Carnegie Mellon Study on Censorship and Deletion Practices in Chinese Social Media

An interesting study was released earlier this month by a group at Carnegie Mellon University titled “censorship and deletion practices in Chinese social media.” According to the authors, “[w]hile much work has looked at efforts to prevent access to information in China (including IP blocking of foreign Web sites or search engine filtering), we present here the first large–scale analysis of political content censorship in social media, i.e., the active deletion of messages published by individuals.” Also, instead of focusing on “hard censorship” (DNS blocking of entire sites, blocking of access to specific search terms), the studytargets “soft censorship” (where users are allowed to post and to search politically sensitive topics, but where individual messages may be deleted soon afterwards by government censors).

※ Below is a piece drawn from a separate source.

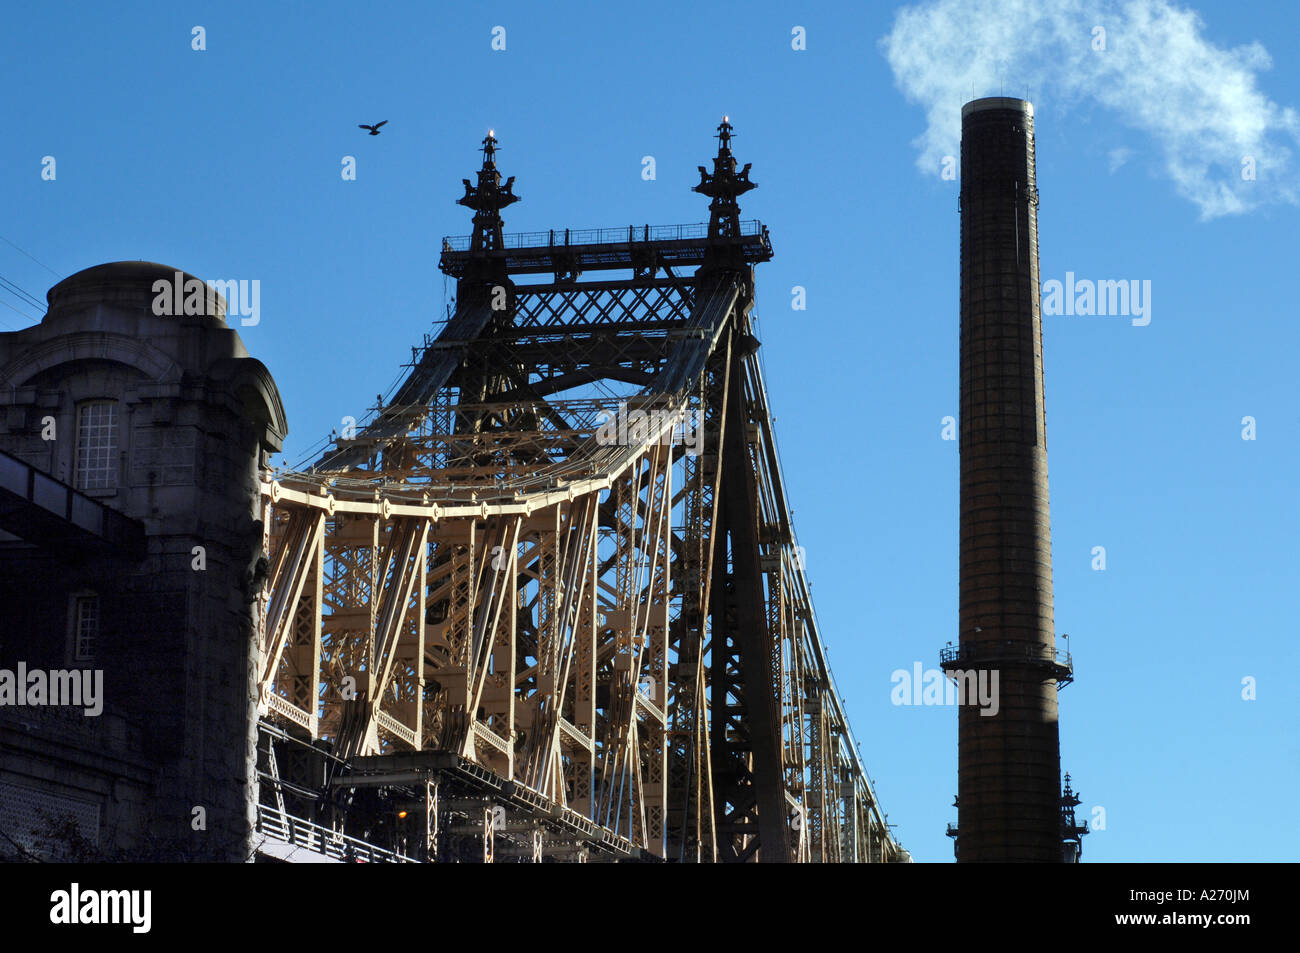 Die Queensborough Bridge 59th Street Manhattan New York City USA geht über den East River, Stadtteil Queens Stockfoto

The authors collected over 56 million messages broadcasted on Sina Weibo – China’s wildly popular micro blogging platform that is akin to a hybrid between Twitter and Facebook- over a three month period from June 27, 2011 to September 30, 2011. By querying Weibo’s public timeline API at fixed intervals, the authors collected 56,951,585 messages (approximately 600,000 messages per day). The authors then followed up three months later to see if the messages released on a specific day were deleted. 1

The authors then built a list of terms from these messages, forming an index of deletion rates for each term. The authors found that Weibo had a general deletion rate of 16.25% – which they considered to be the baseline deletion rate. 2 From the messages, the authors looked for terms that are deleted at a rate above the baseline rate. 3 Within this list of terms, the authors were able to find several politically-sensitive terms.

According the authors:

Several interesting categories emerge. One is the clear presence of known politically sensitive terms, such as 方滨兴 (Fang Binxing, the architect of the GFW), 真理部 (“Ministry of Truth,” a reference to state propaganda), and 法轮功 (Falun Gong, a banned spiritual group). Another is a set of terms that appear to have become sensitive due to changing real–world events. One example of this is the term 请辞 (to ask someone to resign); deleted messages containing this term call for the resignation of Sheng Guangzu, the Minister of Railways, following the Wenzhou train crash in July (Chan and Duncan, 2011). Another example is the term 两会 (two meetings): this term primarily denotes the joint annual meeting of the National People’s Congress and the Chinese People’s Political Consultative Conference, but also emerged as a code word for “planned protest” during the suppression of pro–democracy rallies in February and March 2011 (Kent, 2011).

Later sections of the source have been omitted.